Fall offers cornucopia of colorful, healthy foods
October 21, 2010
Don’t let the odd shape of a fall squash or the daunting size of a pumpkin put you off – fresh fall produce provides a bounty of nutritious, tasty dishes.
“I think a lot of fall produce – especially winter squash – people don’t know how to prepare them and they look rather funny,” says Alison Massey, a registered dietitian in the outpatient dietitian department at St. Joseph Medical Center. But she’s got plenty of suggestions to turn that odd-shaped harvest into delicious fare.
One favorite is roasted beets.
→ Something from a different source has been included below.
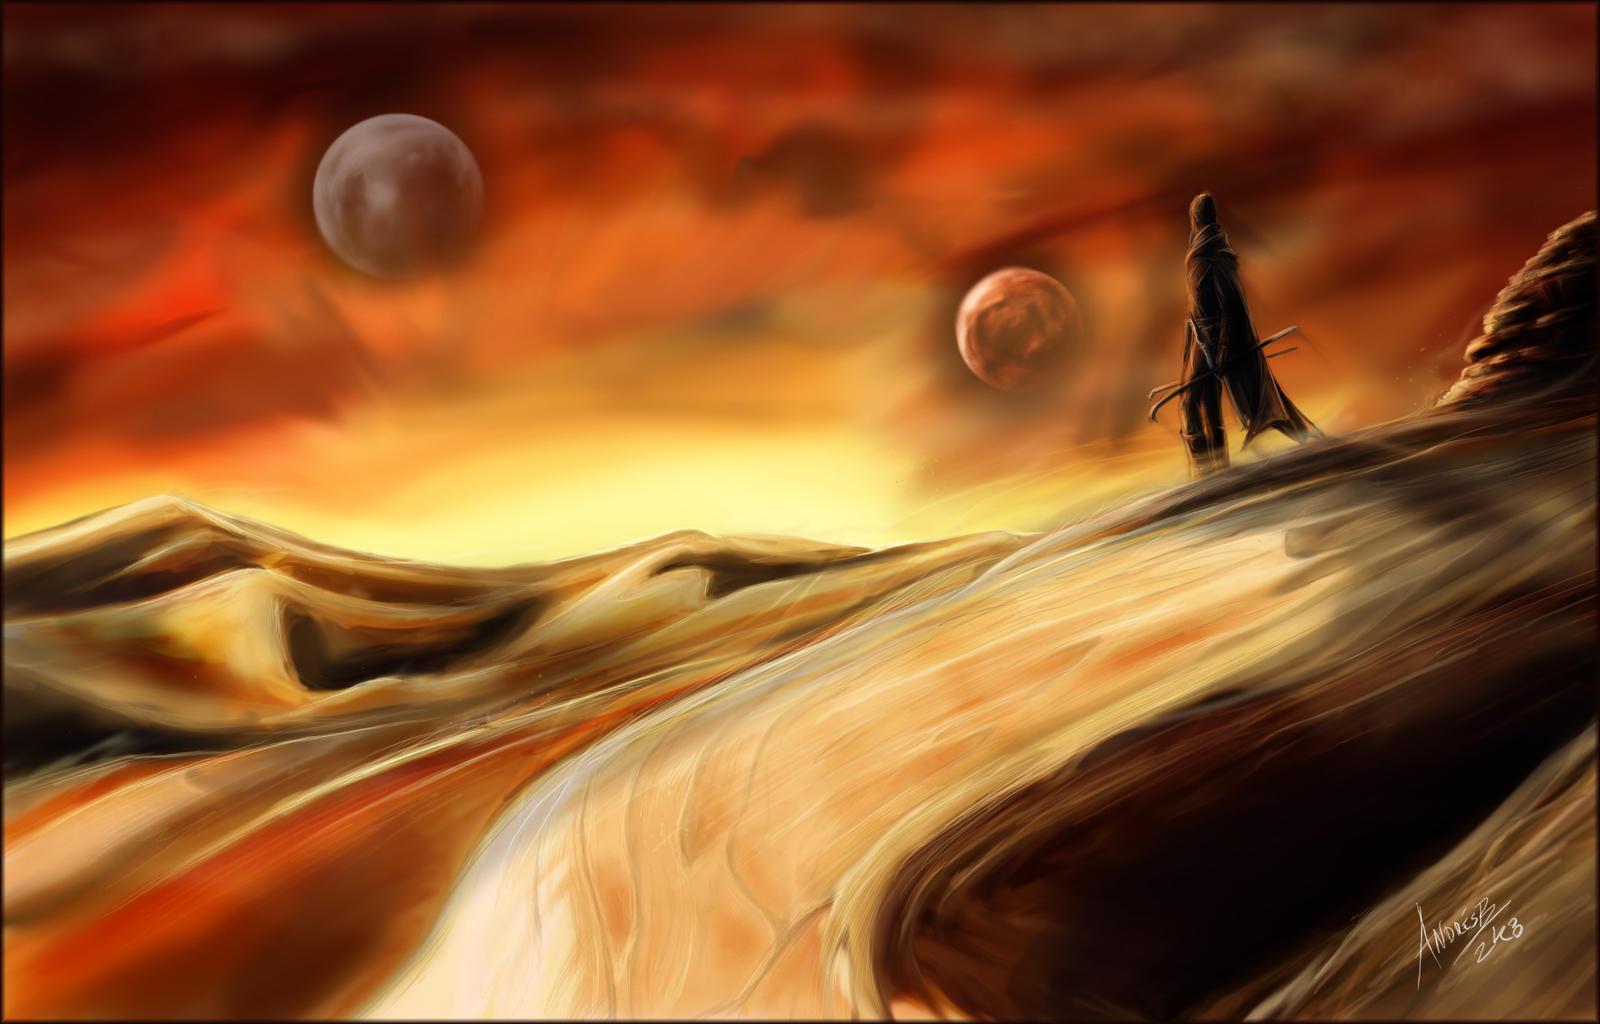 Arrakis by Andalar

Massey warns they can stain – she uses gloves to peel them, cuts them into pieces and then roasts them in a bit of olive oil in a 350-degree oven.
“Some people peel them after they’re cooked, but I tend to peel mine first because it’s less messy that way,” she says. “They’re great roasted and served with crumbled goat cheese or cooked and shredded to add color and flavor to fall salads.” Oh, and throw some crunchy and slightly sweet-tasting fennel into your salad.
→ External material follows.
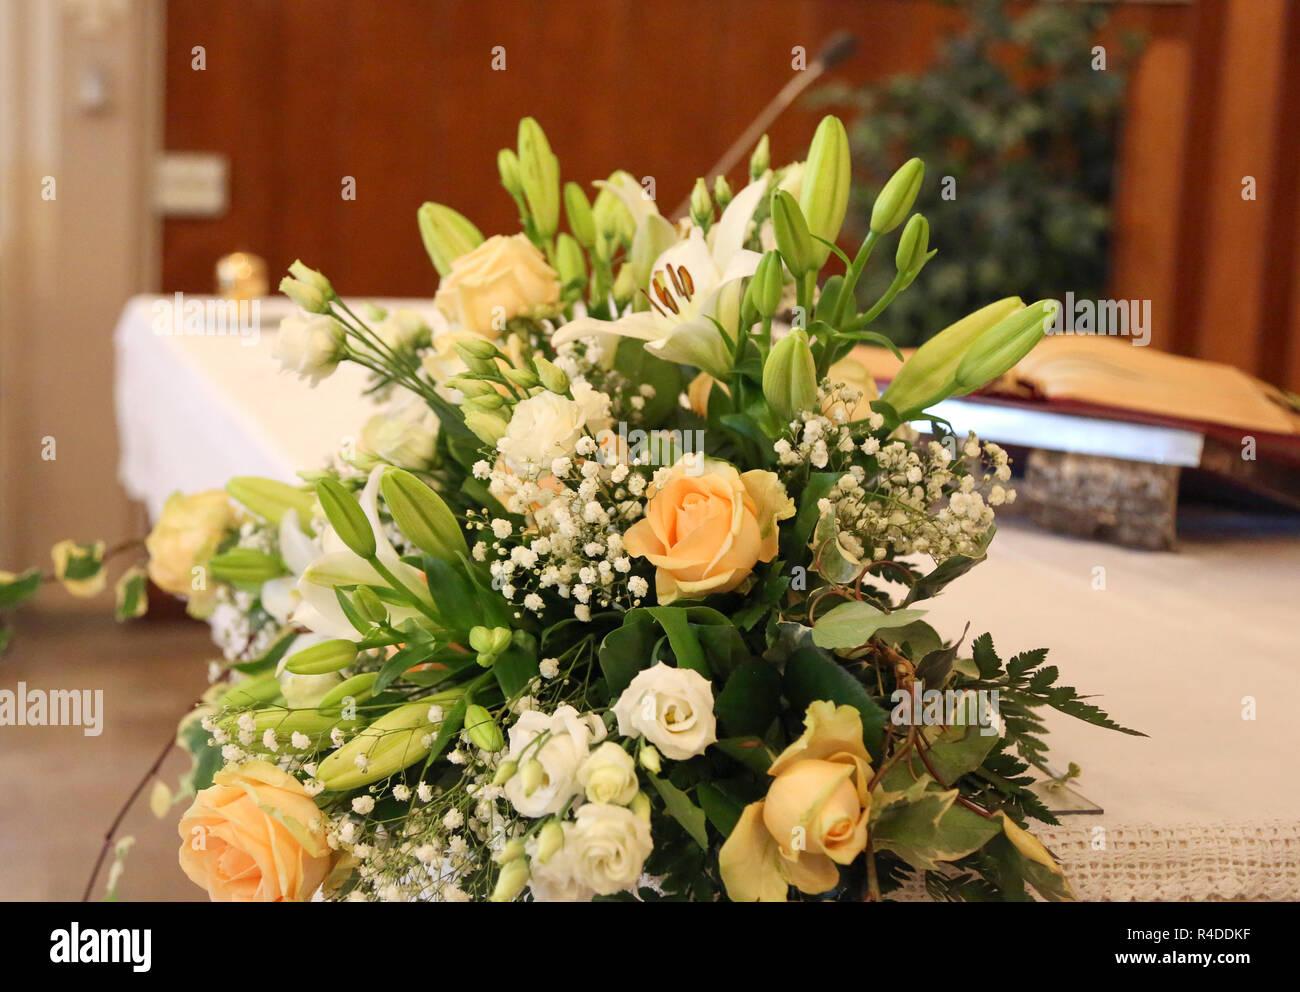 Weiß Und Rosa Blumen Schmücken Den Altar Einer Kirche Für

Massey freely admits to using canned pumpkin “just because it’s so much easier,” and uses it to make muffins and custards.
Parsnips are another underused fall vegetable.
“I love the combination of carrots and parsnips,” Massey says. “I like to steam the parsnips and carrots and mash them together like you would mashed potatoes for a flavorful side dish. Roasted parsnips, carrots, onions and other vegetables are also tasty; just top with a little olive oil and herbs de province – my favorite – or your favorite herbal and spice blend.”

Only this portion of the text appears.